5 Tips on Dealing with Mother-in-Law Madness!

While it’s a common joke that a mother-in-law may act like a “monster-in-law,” there is a grain of truth to it as well. An overbearing mother-in-law can exact a heavy toll on a relationship, causing significant stress affecting everyone involved. However, there are steps that couples can take to manage the situation and to prevent damage to their relationship.

Some Statistics about Mothers-in-Law

According to Yvonne K. Fulbright, Ph.D. in an article for Psychology Today, “one in four daughter’s-in-law despise their mother-in-law.” They reported that their mothers-in-law were “controlling.” One out of 10 women wanted to get farther away from their in-laws. Also, almost 25% of respondents referred to their mother-in-law as either “terrible” or “bad.” Fulbright refers these moms as a “monsters-in-law.”

How Do These Relationships Get Started?

Some thoughts on how these unhealthy relationships get started include:

  • Some mothers-in-law oversteps the boundaries and interfere with their sons’ relationships. This also includes getting involved in parenting issues and pushing their own agendas.  
  • Some mothers-in-law often suggest that the daughters-in-law are not good enough for their sons. They can be judgmental and consistently interfere in the couples’ lives.

It’s important to note that one shouldn’t assign all responsibility to the mother-in-law. Relationships are a two-way street. The daughter-in-law may also be an instigator. Daughters-in-law can exacerbate situations too, and become overly protective of their relationships.

What Happens in These Situations?

When the relationship is strained, it can cause a tremendous amount of stress on the couple while dealing with the mother-in-law. The daughter-in-law, in particular, may experience a lot of stress, which can cause the relationship to unravel. 

What Can Be Done With “Monsters-in-Law?”

Here are some tips to follow:

1. Try to understand and empathize with what your mother-in-law is likely experiencing.

Recognize that your mother-in-law is not evil (hopefully!) and has issues that are getting in the way of having a healthier relationship with you. Some common issues she might be struggling with: relinquishing control over their son, feeling jealous that her daughter-in-law is now the recipient of her son’s attention, and struggles to let go now that her role has changed (as a less involved parent).

2. Get on the same page with your partner.

Come to an understanding about the difficulties of dealing with the mother-in-law so that both of you are in agreement with how to handle the challenging issues and situations with all in-laws.

3. Husbands need to find a healthy balance when in the middle.

On the one hand, husbands should absolutely not blindly defend their mother (a recipe for relationship disaster), but on the other hand they need to avoid taking on their wife’s battles as their own.
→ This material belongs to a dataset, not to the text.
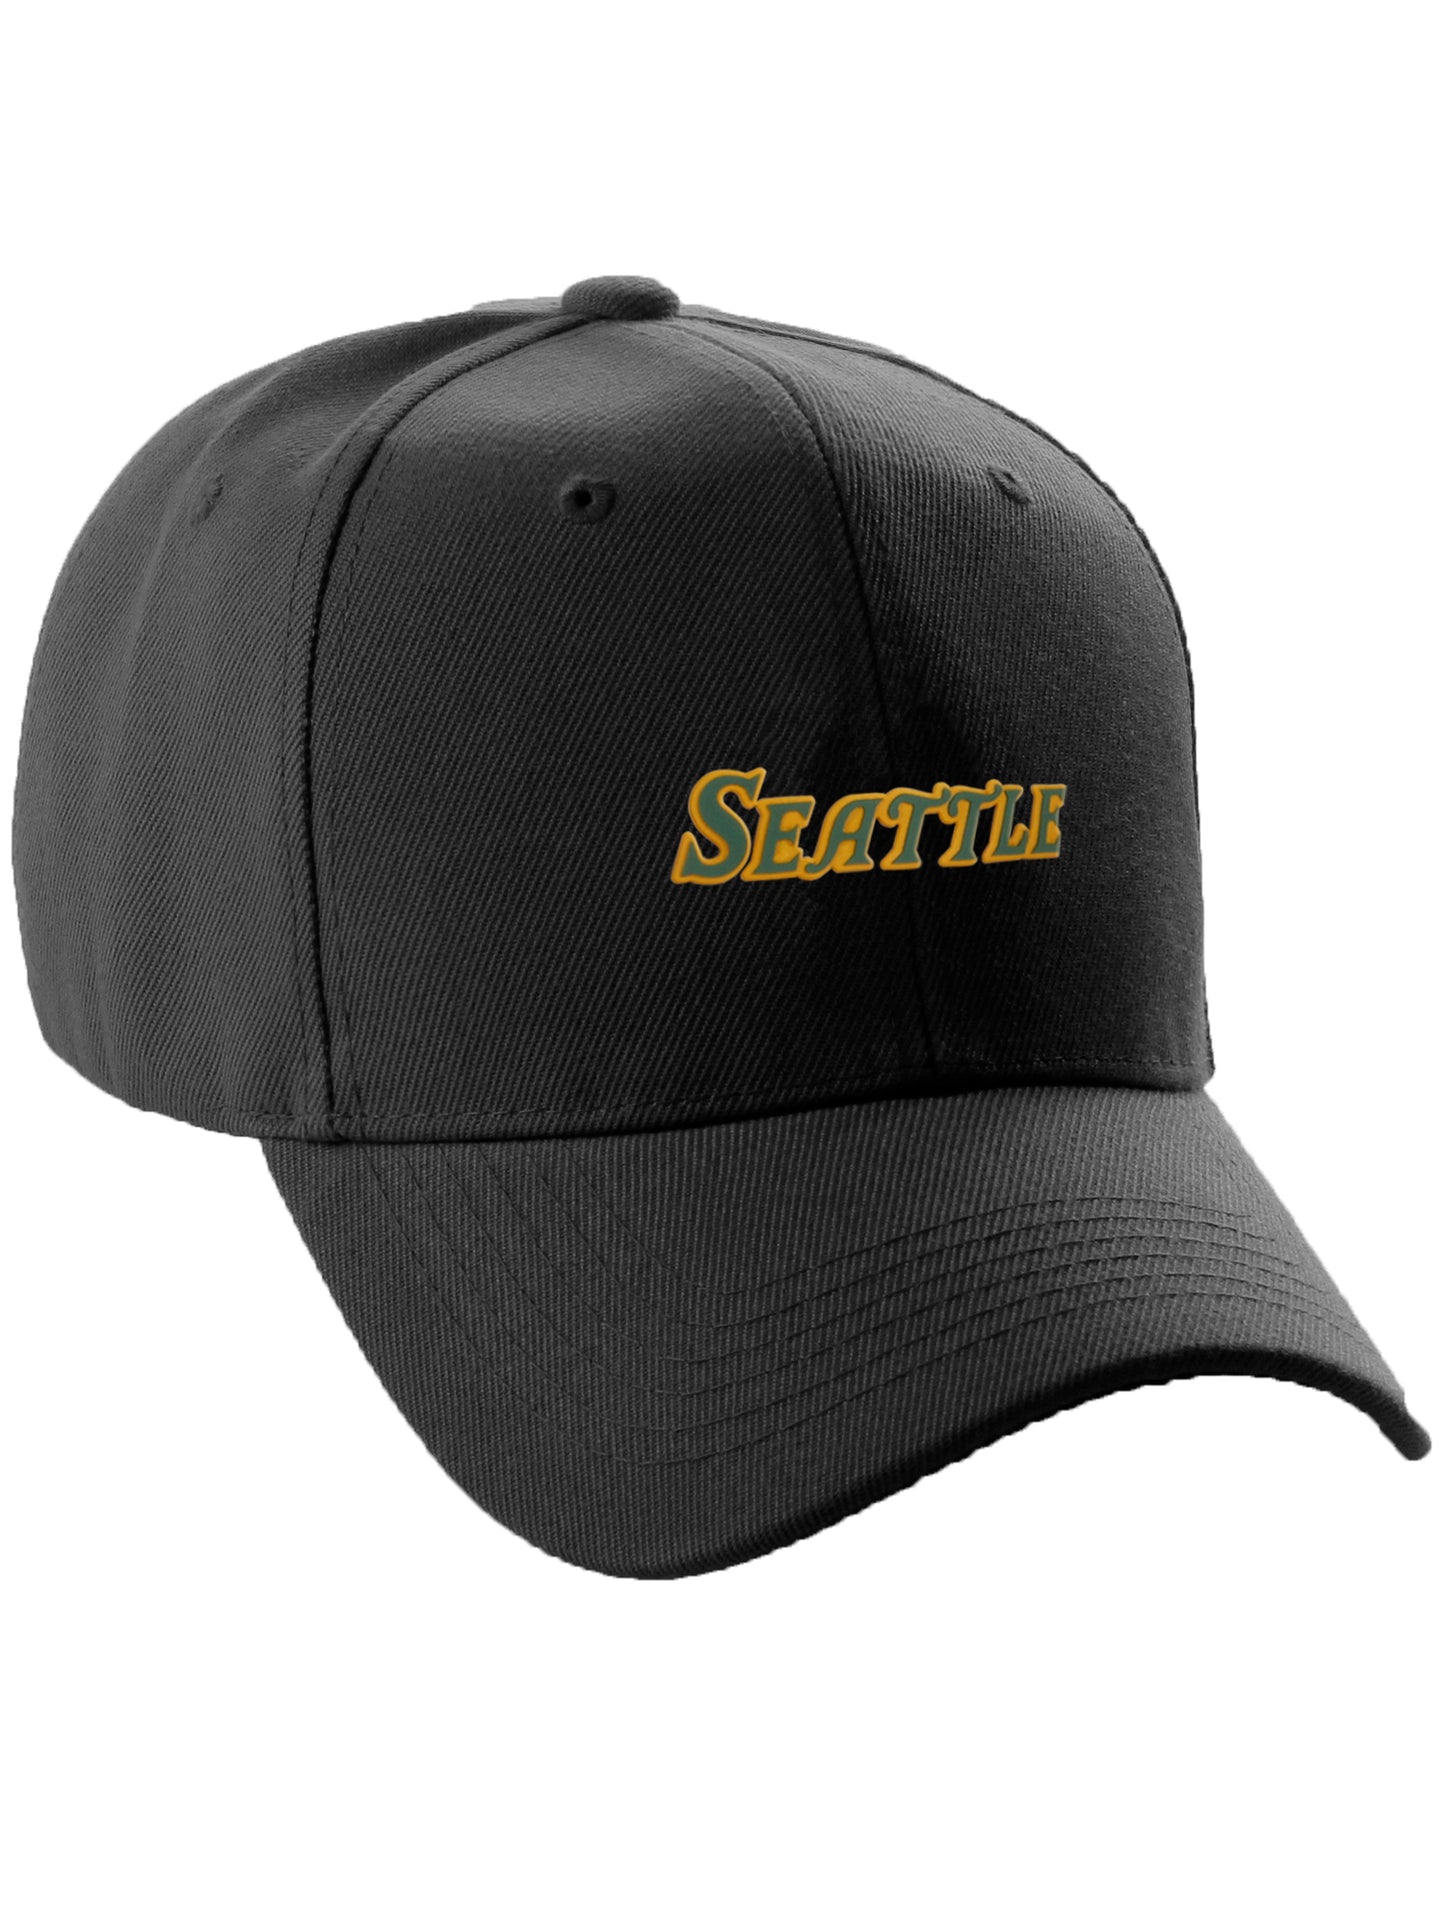 Daxton USA States Classic Curved Bill Mid Profile Structured Golf Dad Hat Cap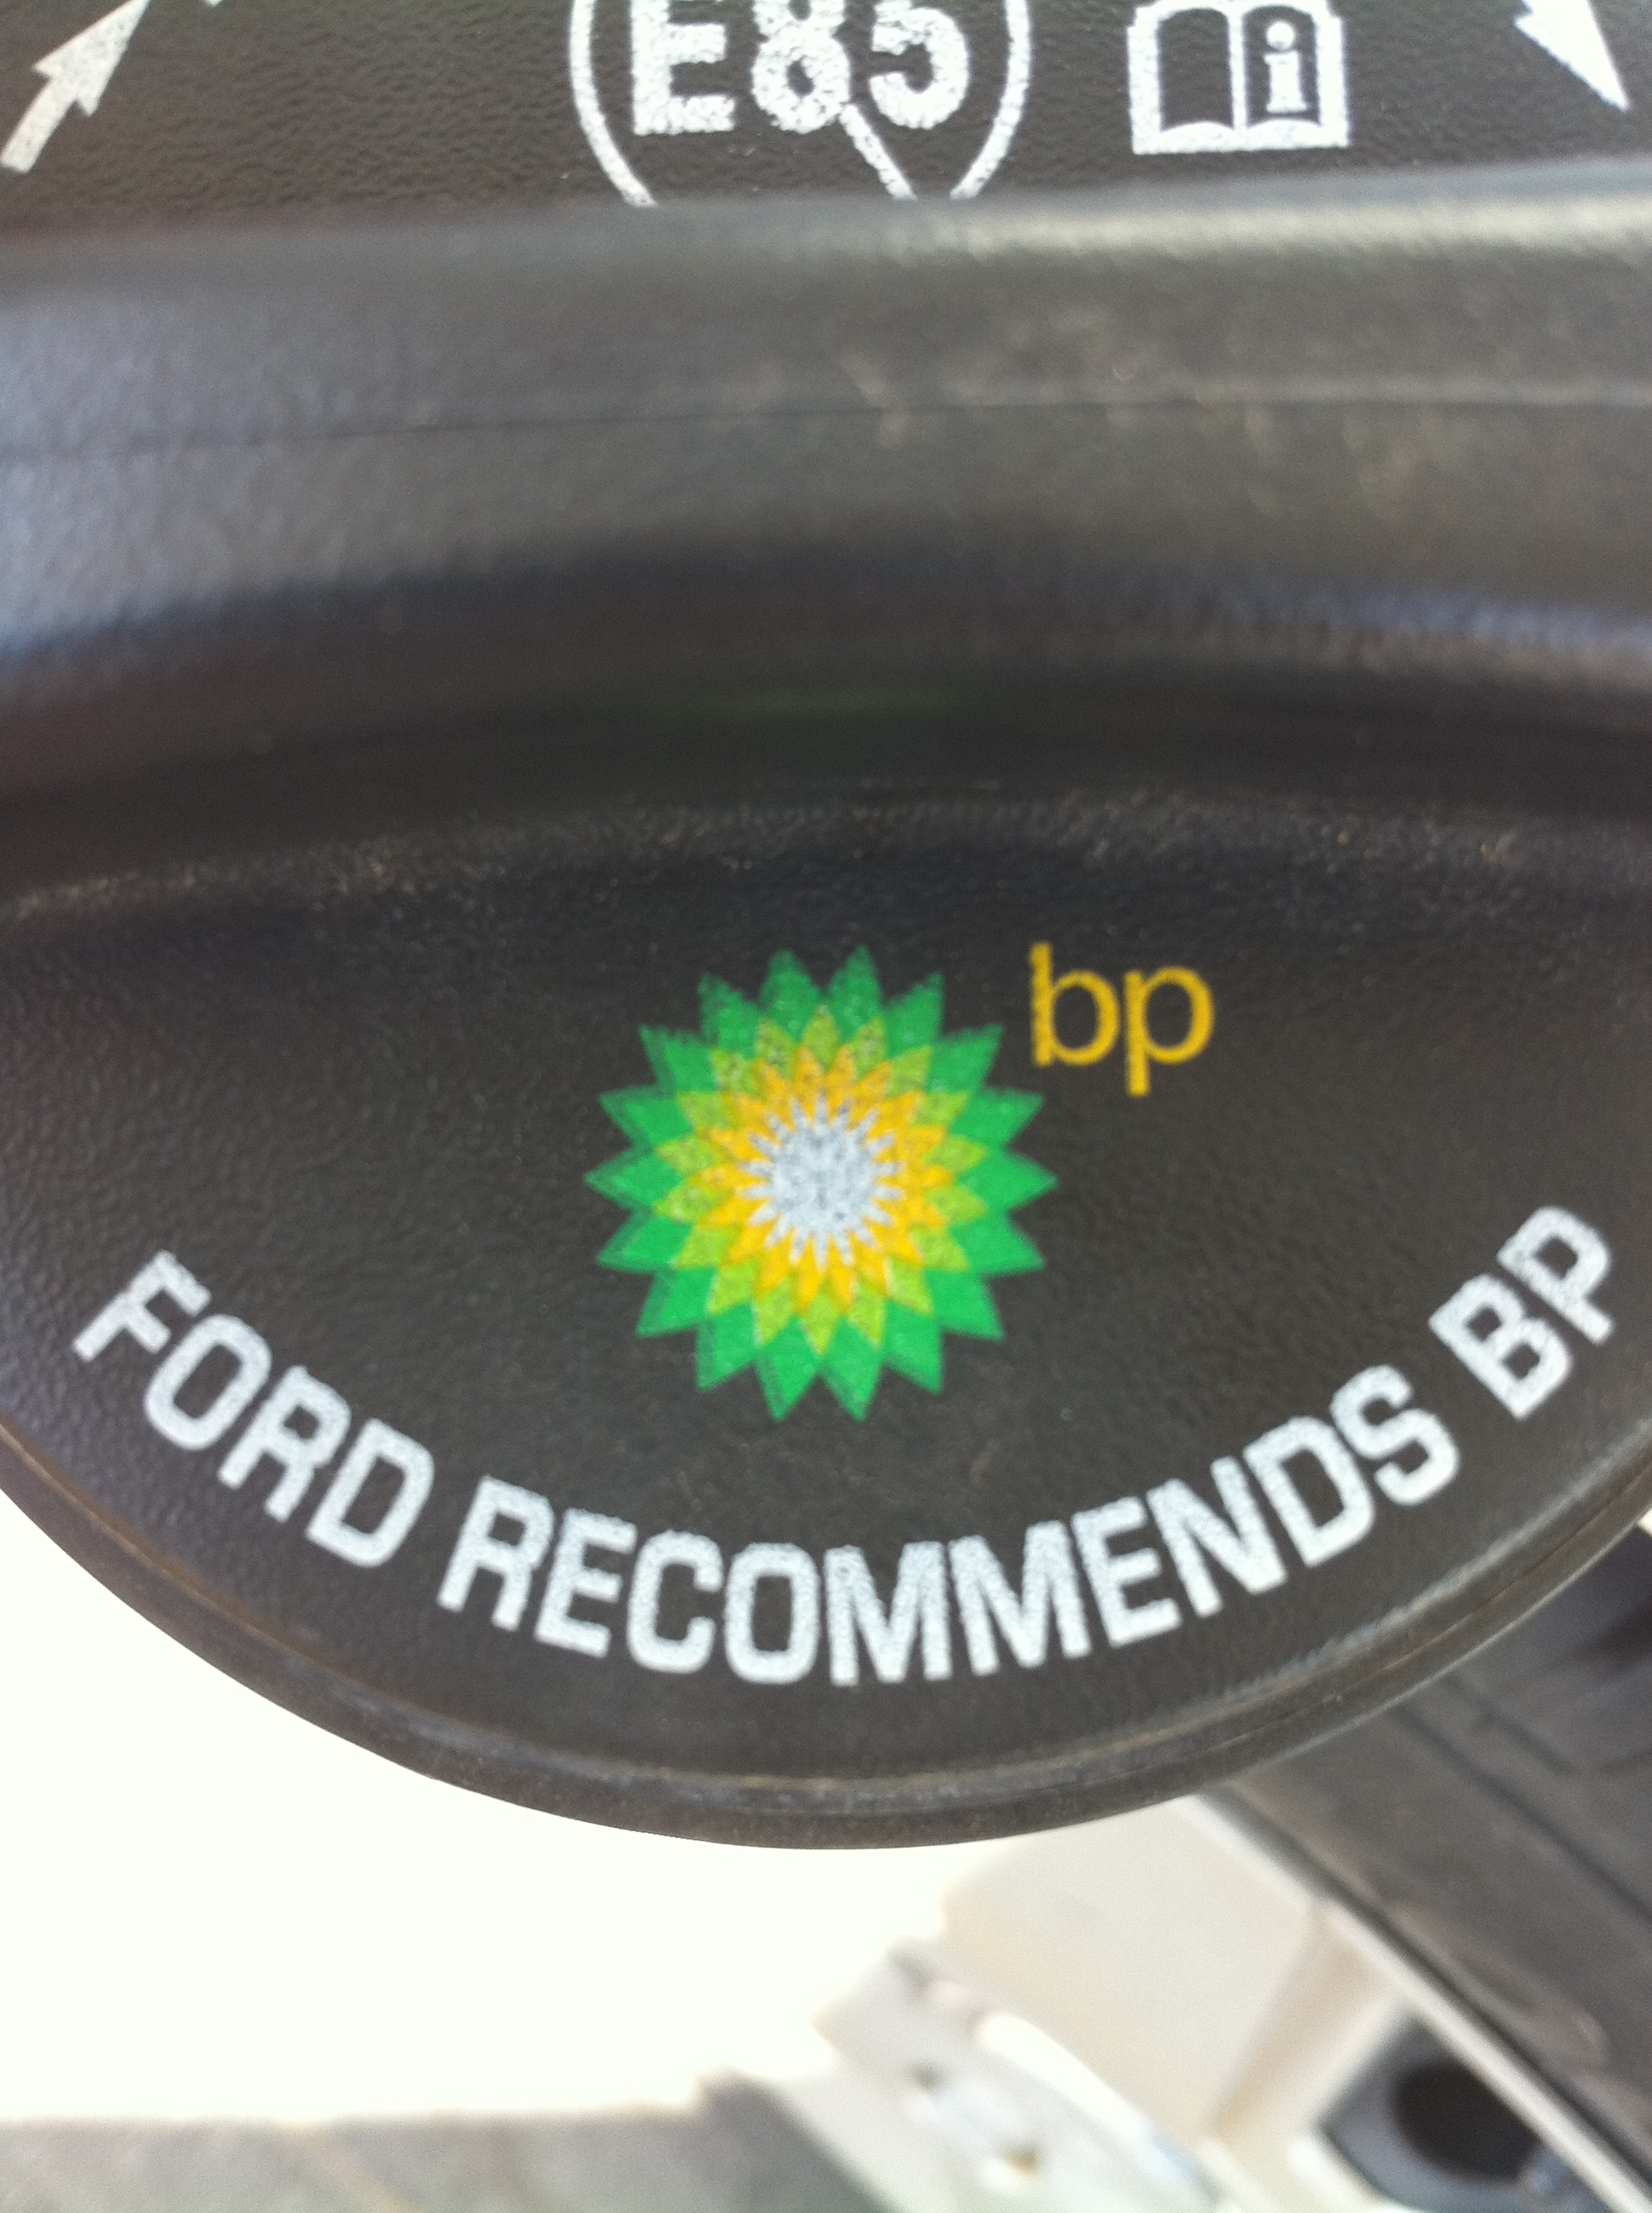 Ford recommends BP? You mean the retards that fucked up the already shitty Gulf of Mexico?

It’s unhealthy for the husband to take up 100% (or even the majority) of the fight. This only causes a triangulation to occur between the husband, wife, and mother-in-law, which is unhealthy and makes the situation very messy! The daughter-in-law should communicate directly with the mother-in-law most of the time. 

It’s critically important for the daughter-in-law to set firm boundaries and assert herself. Don’t sweep concerns under the rug. However, finding the right balance can be a challenge, especially knowing when to let the little stuff go and share other issues that truly matter to you.

4. Critique your mother-in-law’s behaviors or words, NOT her character.  

Character assassinations will set you up for a long, unfortunate war you’re not looking for!  (This also clearly applies to your intimate relationships too.)

Getting Professional Help

If your mother-in-law is causing significant stress in your relationship, don’t hesitate to seek professional help as soon as possible. This support can be invaluable. Productively expressing your feelings about the “monster-in-law” situation helps determine how to deal with your situation together. Without finding common ground, it will be next to impossible to establish a working relationship with your mother-in-law.

 

It is definitely important to avoid letting an unhealthy mother-in-law situation fester. Don’t let the situation between yourself, your partner, and your mother-in-law become a disaster. Be sure you and your partner communicate. Find ways to get on the same page. Consider professional help if difficulties persist. Otherwise, you will likely deal with the “monster-in-law” madness for a very long time. In the process, you may seriously risk damaging your intimate relationship.